Since September 2, Trump has overseen 16 reported attacks on vessels allegedly transporting drugs in the Caribbean Sea and Pacific Ocean off the coast of South America, killing at least 67 people. Venezuelan and Colombian officials, as well as relatives of some of the slain men, assert that some victims were fishers and condemned the attacks as war crimes.
Trump—who deployed an armada of warships and thousands of troops off the coast of Venezuela—has also approved covert CIA action and, along with senior administration officials, threatened to attack targets on land inside the oil-rich country, which has long been subjected to US meddling, regime change, and deadly sanctions. Late last month, the government of Venezuelan President Nicolás Maduro said that his country’s security forces captured a group of CIA-aligned mercenaries engaged in a "false-flag attack" against the nation.
The War Powers Resolution of 1973—also known as the War Powers Act—was enacted during the Nixon administration at the tail end of the US war on Vietnam, Cambodia, and Laos to empower Congress to check the president’s war-making authority. The law requires the president to report any military action to Congress within 48 hours and mandates that lawmakers must approve troop deployments after 60 days.
That 60-day door closed on Monday. However, according to The Washington Post, Assistant Attorney General for the Office of Legal Counsel T. Elliott Gaiser told lawmakers this week that Trump is not bound by the War Powers Resolution, as the administration does not believe that the boat strikes legally meet the definition of "hostilities" because the victims of the attacks aren't fighting back.
The dubious argument that acts of US military aggression aren't hostilities isn't new—the Obama administration asserted similar immunity from the War Powers Resolution when it decided to attack Libya in 2011, leading to the ouster of longtime leader Muammar Gaddafi and over a decade of enduring conflict and division.
As Brian Finucane, a former State Department legal adviser who is now a senior official at the International Crisis Group, wrote for Just Security this week:
There are many flaws with the Trump administration’s reported interpretation of hostilities. As indicated in the legislative history, Congress understood the term “hostilities” to apply broadly, more broadly than “armed conflict.” The Obama administration’s prior attempt to restrictively interpret the term garnered strong bipartisan congressional opposition...

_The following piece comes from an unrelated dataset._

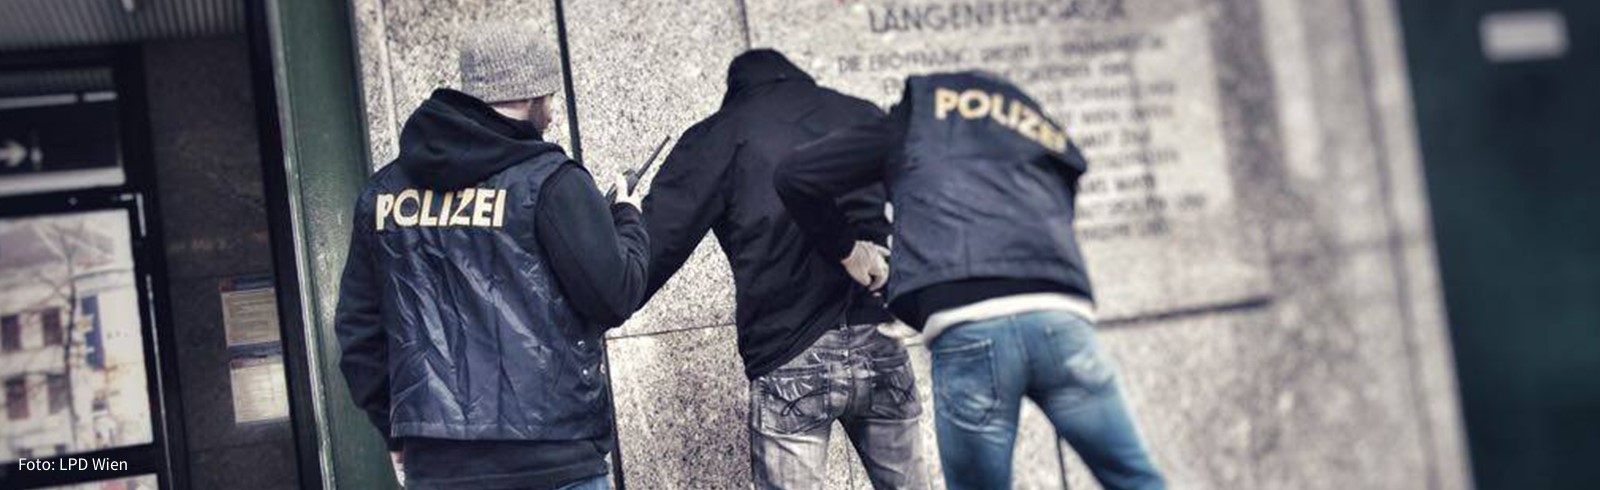 Teenie-Kiffer verletzen Polizisten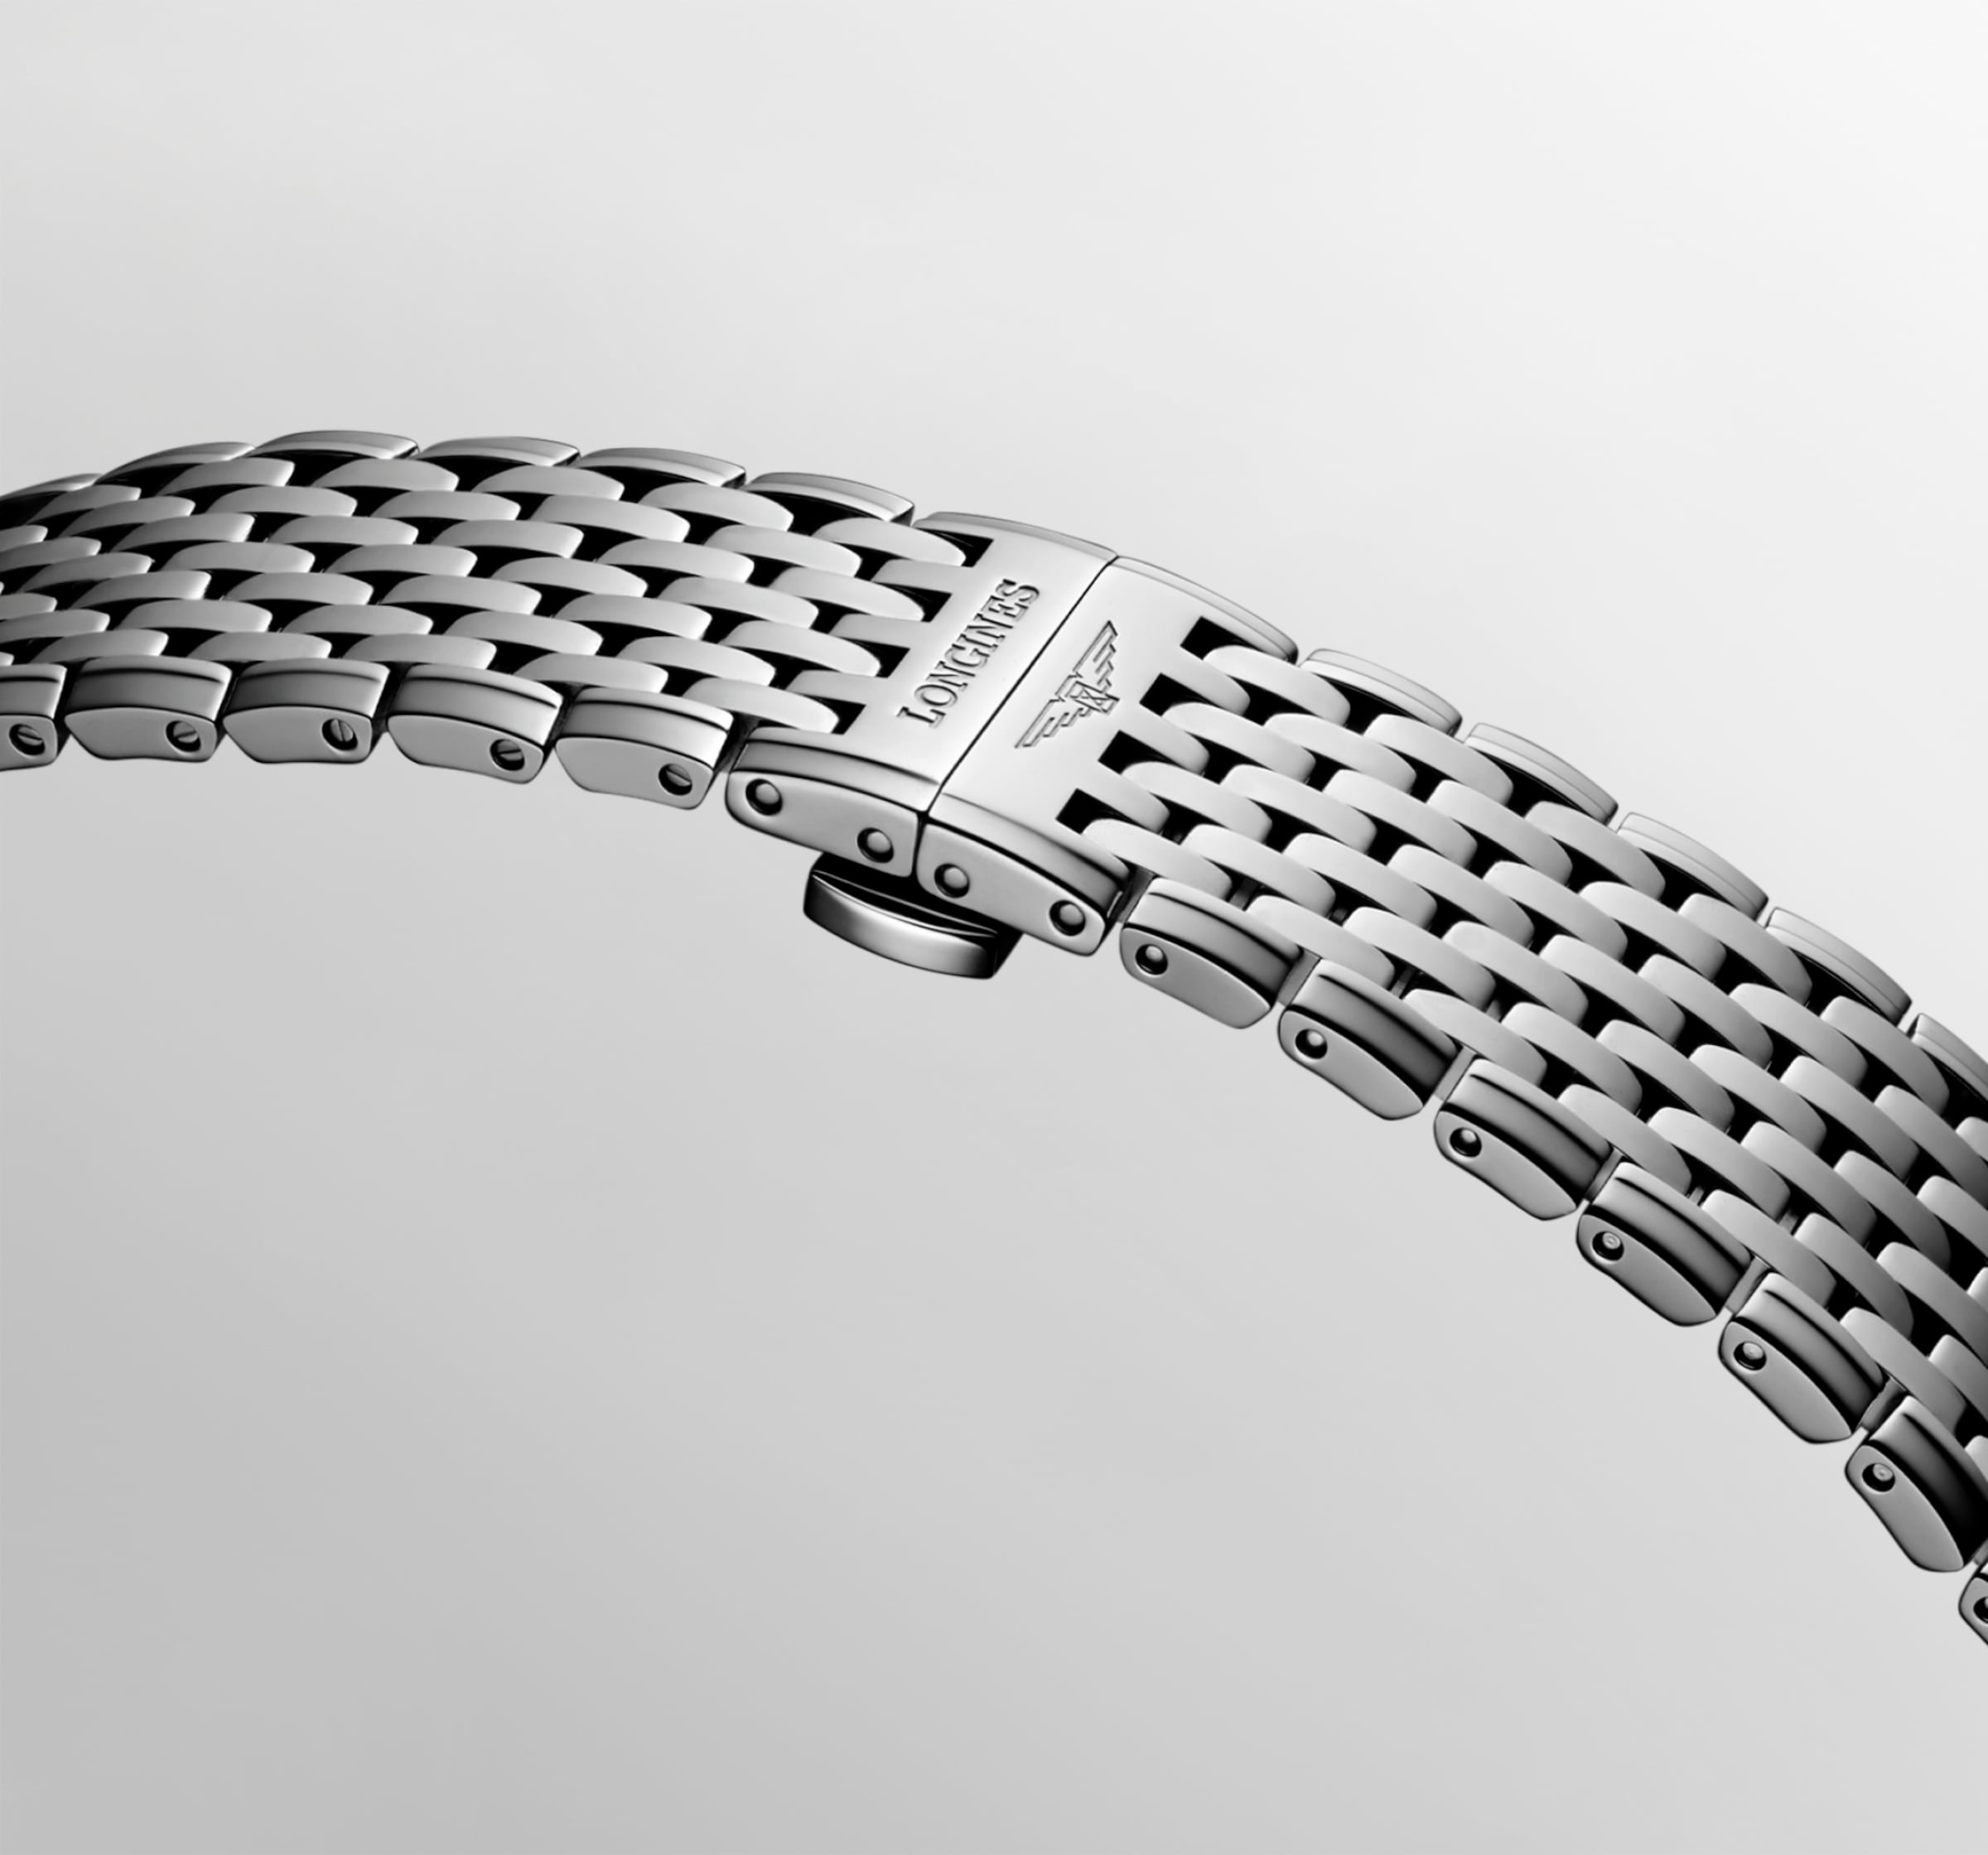 Longines LA GRANDE CLASSIQUE DE LONGINES Automatic Stainless steel Watch - L4.908.4.51.6

That the Trump administration would resort to creative lawyering to circumvent the limits of the War Powers Resolution is hardly a surprise... It nonetheless is yet another legal abuse and arrogation of power by the executive. And it is a power grab in the service of killing people outside the law based solely on the president’s own say-so.
"Congress needs to push back against this attempt by the White House to further encroach upon its constitutional prerogatives on the use of military force," Finucane added. "The legislative branch should reject the executive’s strained legal interpretation of the War Powers Resolution, including possibly in legislation. Congress should also continue efforts to halt these killings at sea and block an unlawful attack on Venezuela."